True the try outs are funny, I mean, watching their dreams get destroyed......ooops! Did I type that "aloud!"


----------



## ReformedWretch (Jan 16, 2008)

Bob, this thread was just going on and on about how *obvious* it was that AI is terrible seemingly suggesting that those who watch it are in the very least "missing the boat" or at worst "poor Christians". You can't deny that it's at least "snobby" in it's rhetoric.

So I sort of posted back in like manner with the "Holy" comment. What I'm saying/asking is a flat out question, "do you (or whom ever) believe that it's un-Christian to watch AI?" It certainly seems like it reading this thread.



> 100 years ago we used to run retiring steam engines into each other for amazing crashes, that was called entertainment. Some people even spoke about God when they saw it.



Even though that comment sort of annoys me, are you saying crashing trains into each other is also sinful in some way? This all reads to me like the secular "pop music snob" message forums out there that spend countless hours slamming AI because the music isn't "cool enough" except here we can throw sinful into the mix of the discussion as well.

What about the Christians who try out or (GASP) get on the show? What about the Christian girl who won the whole thing last year? Are her parents evil doers who contributed to her backsliding?

Not liking the show is fine, pointing out it's faults is acceptable, but the attitude that this show is "teh evilll" is hard to swallow when we can praise fine drink and tobacco (in moderation of course) or other TV shows and movies (mature or "R" rated) and heavy metal music and hair bands.

If all I did was make a few others here who may watch the show feel a little better, then that's good enough for me. You aren't a lesser Christian if you watch this show and if that isn't what everyone was implying in this thread you're going to need to trust me that it is exactly how it was all coming across.


----------



## ReformedWretch (Jan 16, 2008)

etexas said:


> Megaloo said:
> 
> 
> > The only thing funny about the show are the try outs!!!!!!!!
> ...



I've had many a dream destroyed and I've survived. I've had them destroyed by people that I thought supported me before hand! They weren't destroyed by people that I saw do the exact same thing to others on live TV six years running.


----------



## MrMerlin777 (Jan 16, 2008)

houseparent said:


> -
> 
> ......Maybe I'm not as Holy as some of you?




I wouldn't say that brother. Frankly, you're probably a much better man than I am.


----------



## Richard King (Jan 16, 2008)

I think maybe it is legal but not profitable at times. 

What you said about getting in discussions with young ladies about things you see is absolutely a great point and an excellent use of such time. There were a lot of life lessons that could have been gleaned last night.

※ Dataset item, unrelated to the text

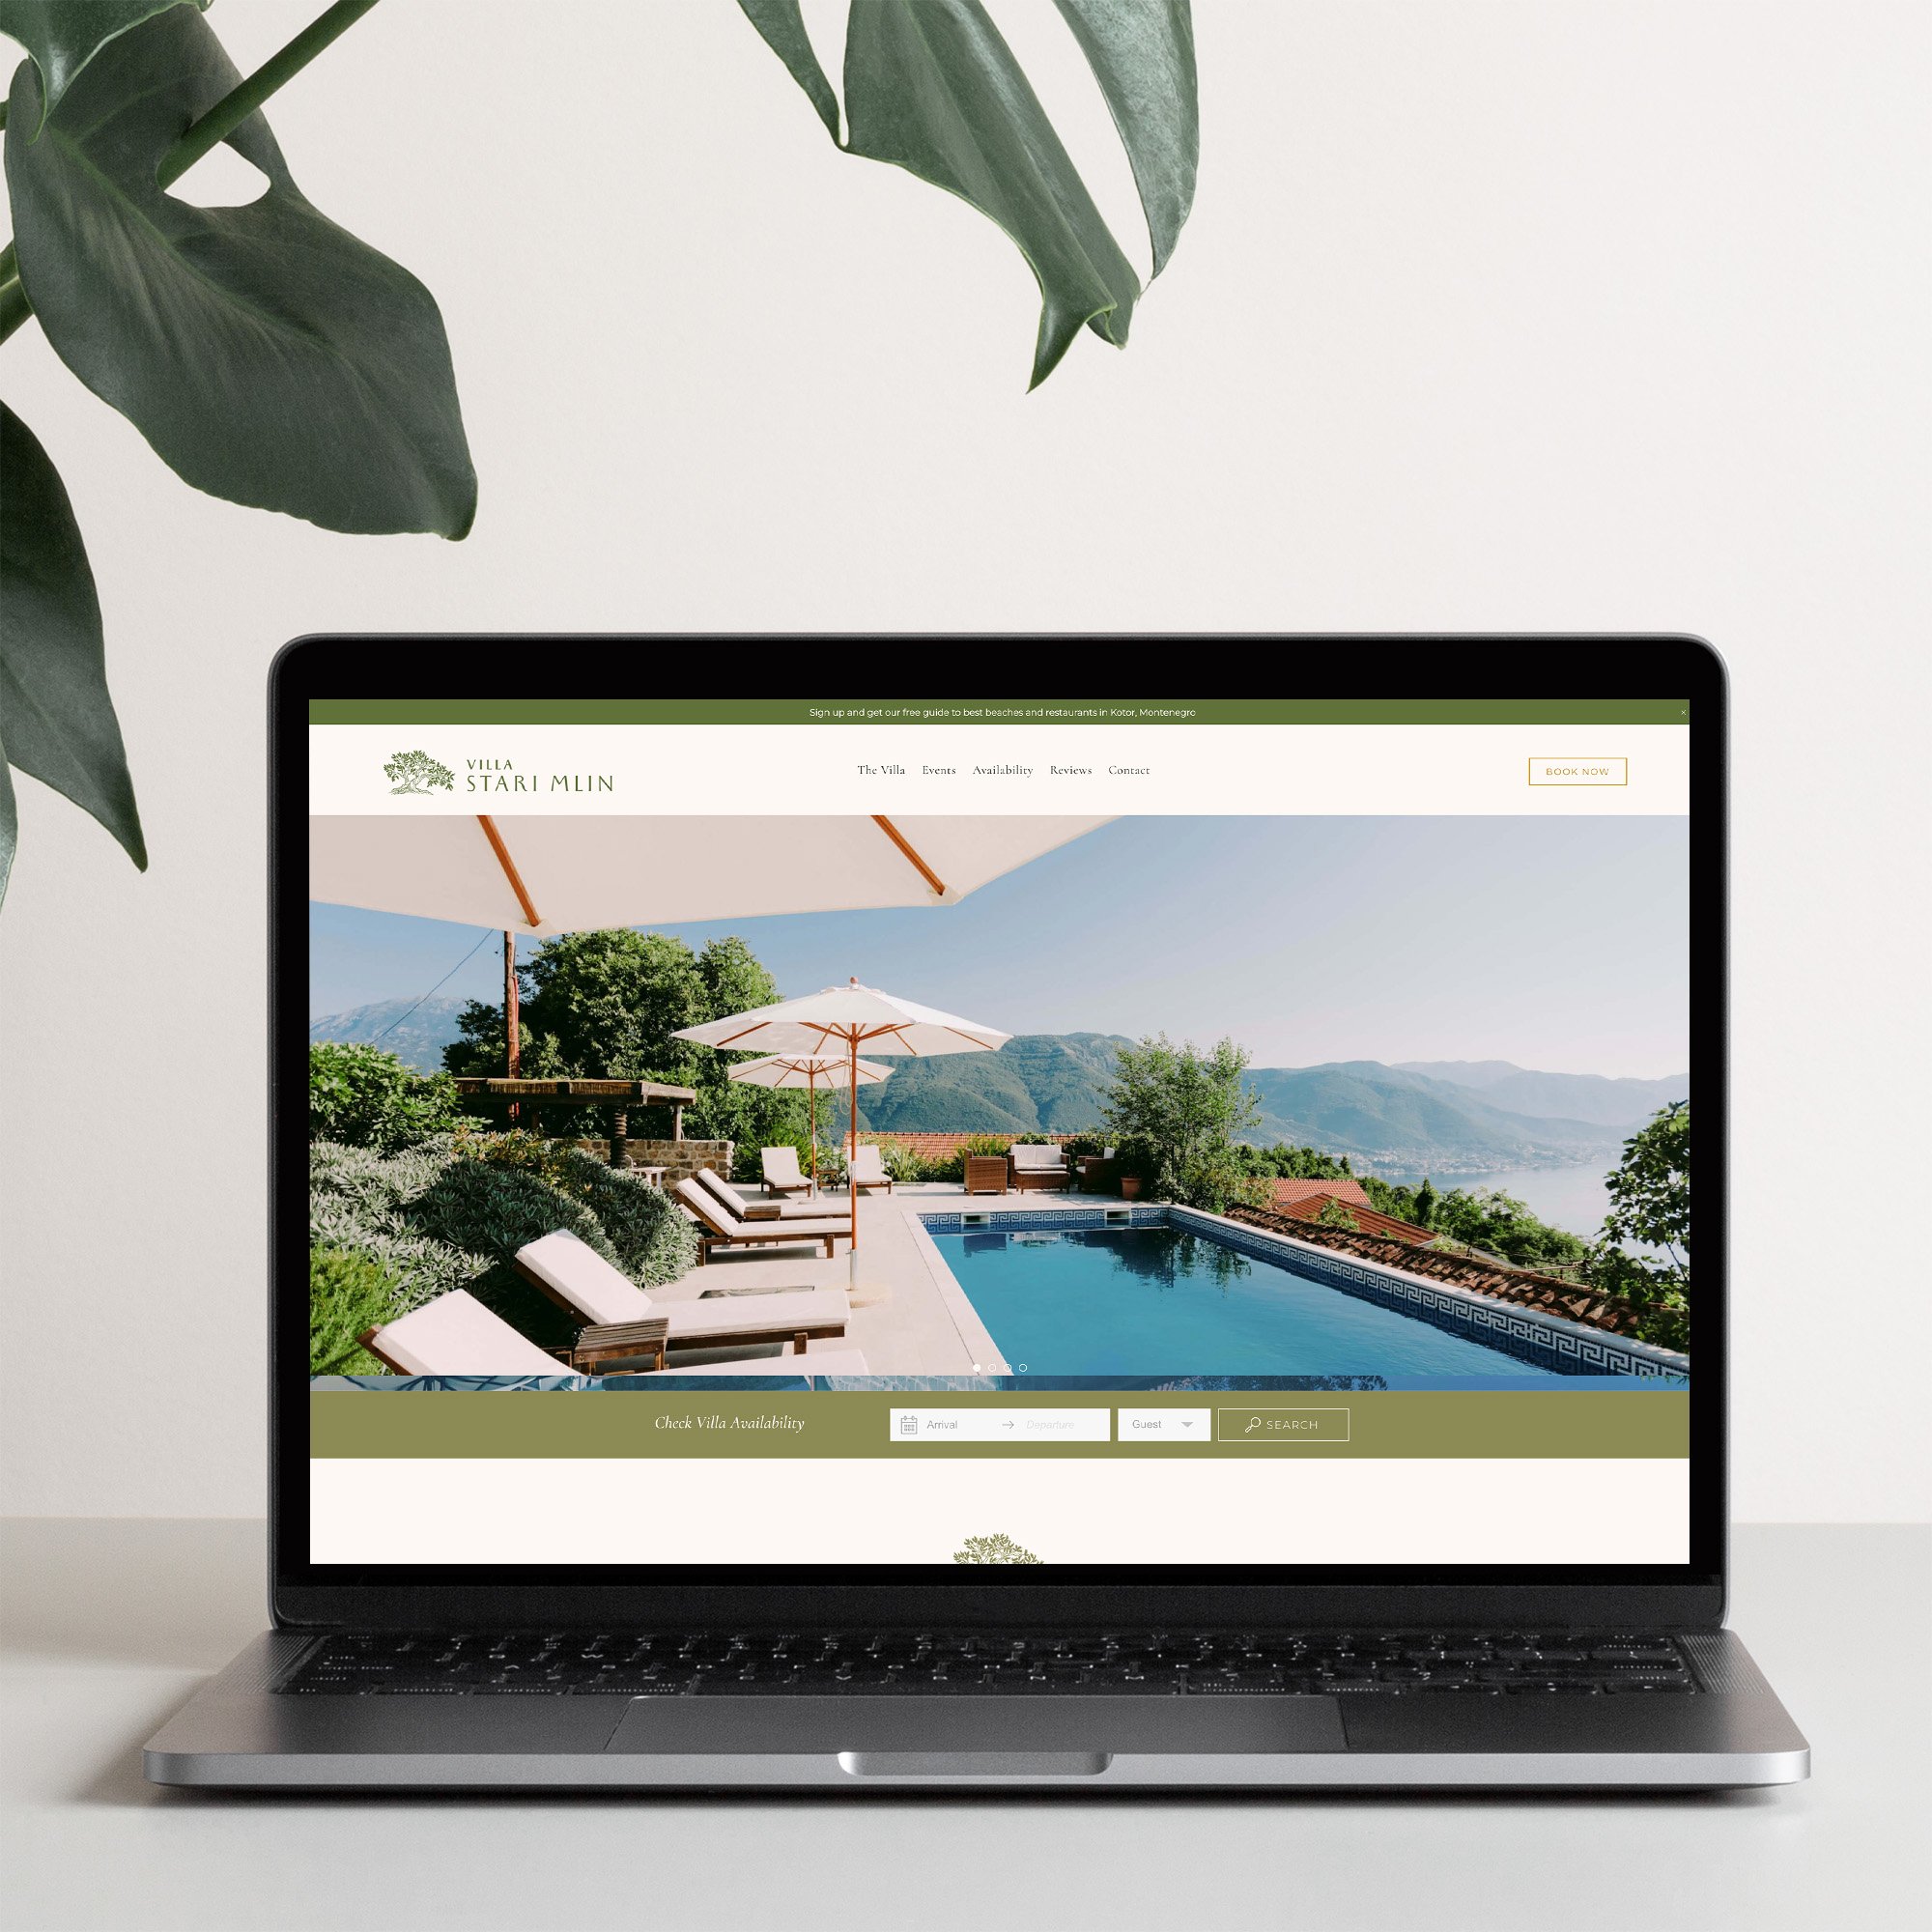 Luxury holiday villa website design

I am just tired of finding myself watching a man in drag sing or a man getting his chest hairs removed, or some sadly unaware person who has been talked into trying out so his friends could laugh at him etc. 
Really unholiness isn't what I was ranting against.

I think Daughtry and Carrie Underwood and others have really impressive talent. I thought that brunette that sang Somewhere Over the Rainbow could really sing and it was sad the way she was marketed as a tart.
That is why I am thinking of just watching the end. 
Skip the Sanjayas is all I am sayin'.


----------



## KMK (Jan 16, 2008)

I voted 'at the rapture' because this show will bring on the Great Tribulation! In fact, I believe Paula is the Harlot, Randy is the false prophet and Simon is the beast himself! But thankfully Ryan will ride out on his white horse and save all those who received the mark of the beast in their eyeballs by watching the tryouts.

I just can't figure out how Sanjaya fits in to the scheme.

God help us all...


----------



## ReformedWretch (Jan 16, 2008)

> What you said about getting in discussions with young ladies about things you see is absolutely a great point and an excellent use of such time. There were a lot of life lessons that could have been gleaned last night.



Thanks! Working with teens I've learned (over 15 years) that it's much easier to watch some pop culture stuff with them and then discuss it than it is to ban it and insist unsaved people bow to my standards. 



> I am just tired of finding myself watching a man in drag sing or a man getting his chest hairs removed, or some sadly unaware person who has been talked into trying out so his friends could laugh at him etc.



Great points and just some of the ones my wife and I point out and discuss with our girls.Daughtry is very good as well, as is Katherine Mcphee (somewhere over the rainbow girl) who I had forgotten to say I also like.


----------



## BJClark (Jan 16, 2008)

Adam,

for me, there are many such shows on TV, this being only one, that show the depth of depravity of mankind in general. I personally don't think the show is evil in and of itself, it's just like most things today on tv when I watch them, the light shining on it shows it all that much more..

And in that it brings about discussions between you and your kids on various topics is great. many of the shows I watch with my kids do the same thing..my kids don't like AI, but they do like "America's Next Top Model" where we can sit and discuss the various attributes of each of the girls beyond their looks..and even their looks and how most of them discuss feeling as if their looks define who they are as a person..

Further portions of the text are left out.